When going straight or with a very wide turn on straights, on my toe edge, my front foot (left) is feeling very squirrelly, I also find it hard to really dig into toe edge turns and that I'm more whipping my back foot around to get a toe edge carve. I feel like I can't really push forward with my front foot, putting weight on that toe edge.

I'm an intermediate boarder and this just started happening the last few nights out at the local hill.

Riding a 2013 Nevesummer SL, widest stance on the board, bindings set at 15/15.

Thanks for any help you can provide!


----------



## speedjason (May 2, 2013)

Put more weight on the front foot.
And why are you using the widest stance?


----------



## SnowboardingJ (Mar 19, 2016)

I'm pretty tall and with the widest stance I've always had way way better balance.


----------



## SnowboardingJ (Mar 19, 2016)

I did move my bindings forward (width, not legth wise) a little bit a few weeks ago. When you center you boots over your board, should you bee looking at just the boots or the highbacks/bindings too?


----------



## speedjason (May 2, 2013)

SnowboardingJ said:


> I did move my bindings forward (width, not legth wise) a little bit a few weeks ago. When you center you boots over your board, should you bee looking at just the boots or the highbacks/bindings too?

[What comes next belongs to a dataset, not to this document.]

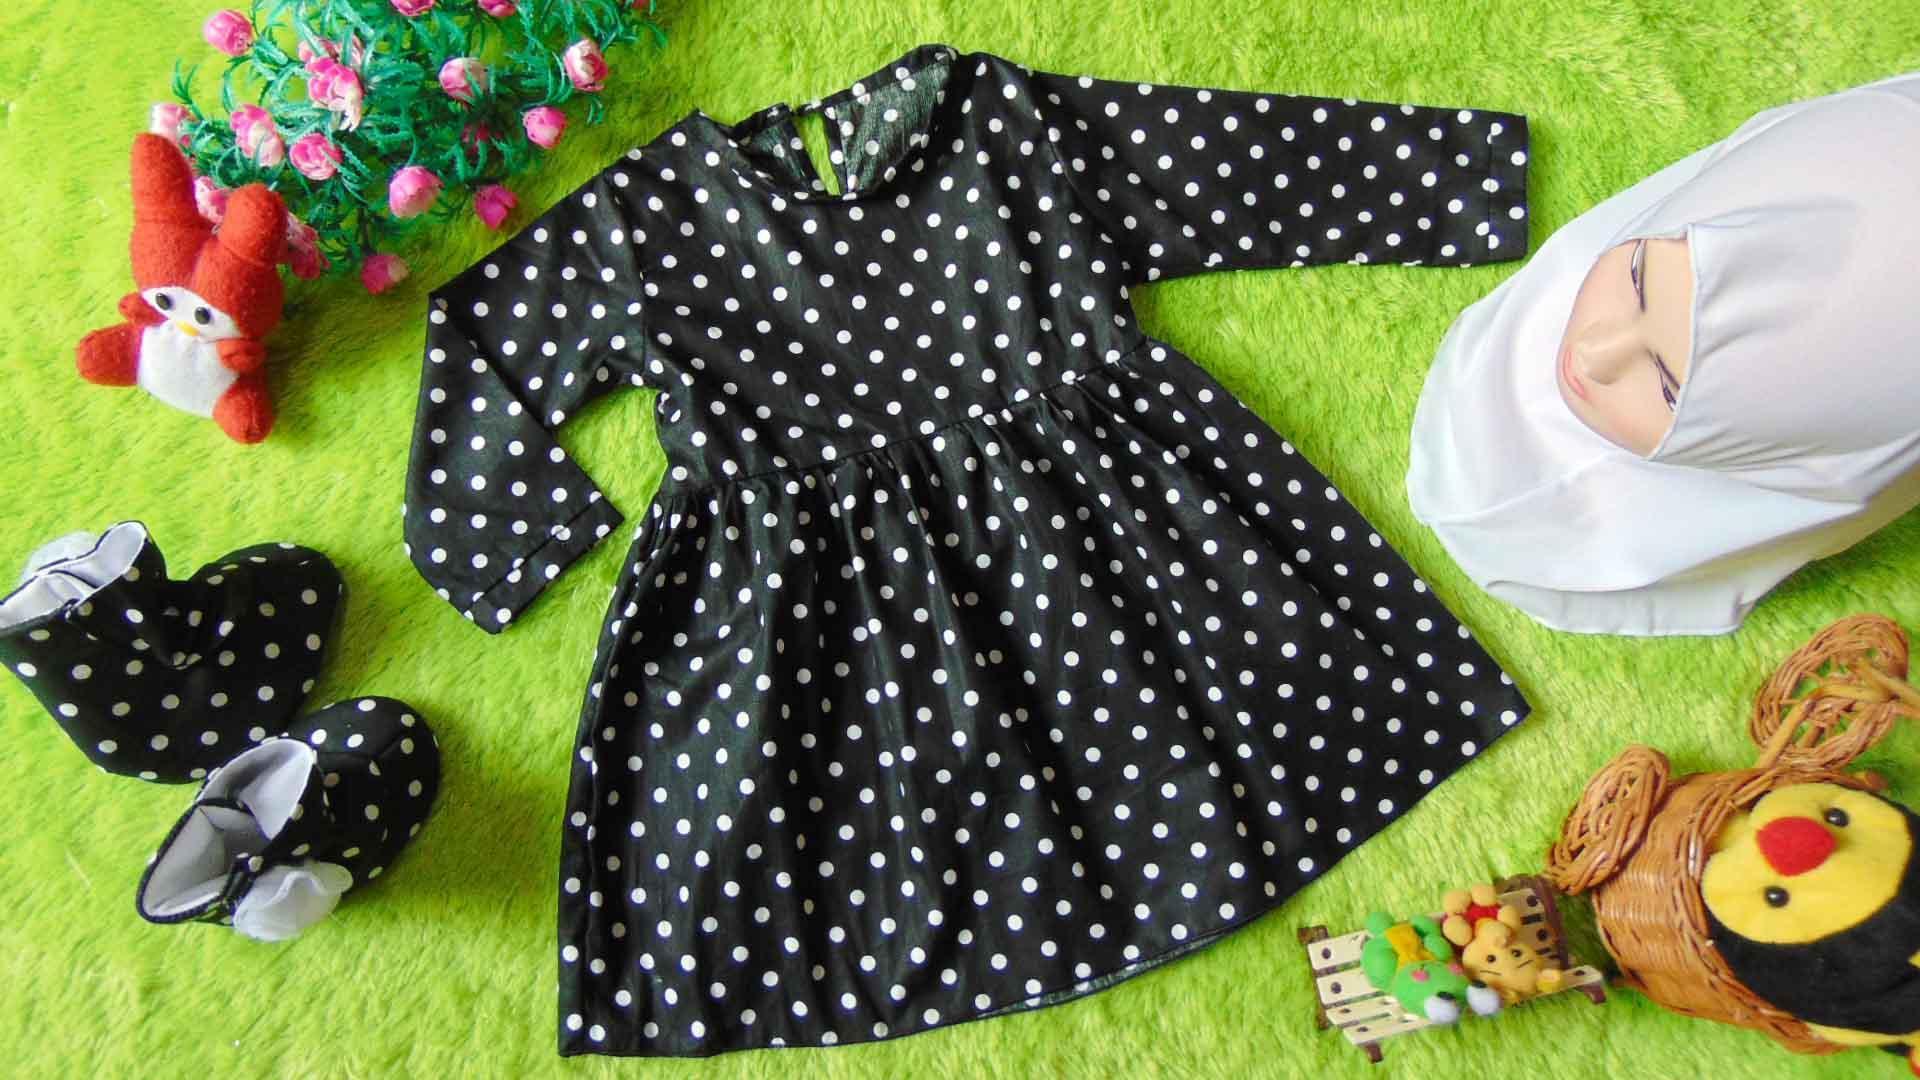 kembarshop - EKSKLUSIF Kado Bayi Paket Gamis Baju Muslim Anak Bayi Perempuan plus Jilbab dan Sepatu Boots Bayi Polka Hitam Cantik 0-12 bulan

More like the max angles when you lean over the board and the toe or heel touch the ground.
Again it's hard to say without looking at how you ride to tell what the problem is.


----------



## snowklinger (Aug 30, 2011)

There is for sure a problem with your stance, but we can not tell what it is.

These are your possible problems, I suggest you be honest with yourself and see......

-first off widest stance possible is 99% of the time a mistake. Maybe ur the tallest lightest guy on the correct size stick (6'4" 130lbs on a 153?)

-not enough front foot weight

-incorrect stance balance whether it be front to back, or hip/knee/back related

*15/15 on that board should be no problem, imo a good place to start

*a super wide stance will give you some leeway when learning park or freestyle but will hold most people back when trying to ride real shit (critical terrain, pow, steeps, moguls, trees, real fucken shit)

When your stance is so wide, you literally are unable to shift your weight dynamically to each foot as you make turns because you are already extended beyond where you are able to make these dynamic shifts with your body because you are locked in at an extended position instead of a spot where you can piston your joints.

^that's a dumbass sentence but says what I meant even after edit lol


----------



## ridinbend (Aug 2, 2012)

Start bringing your stance in a .5 in. at a time. Every time you change it spend time carving and feeling it out. Also add a notch or two of forward lean, more so to your front foot. This too will force your knee to bend slightly and center your weight better. It also results in easier turn initiation which also helps with balance. Can't ask for help with technique, but say your stance is fine. Small adjustments and you'll notice it. Give it a chance.


----------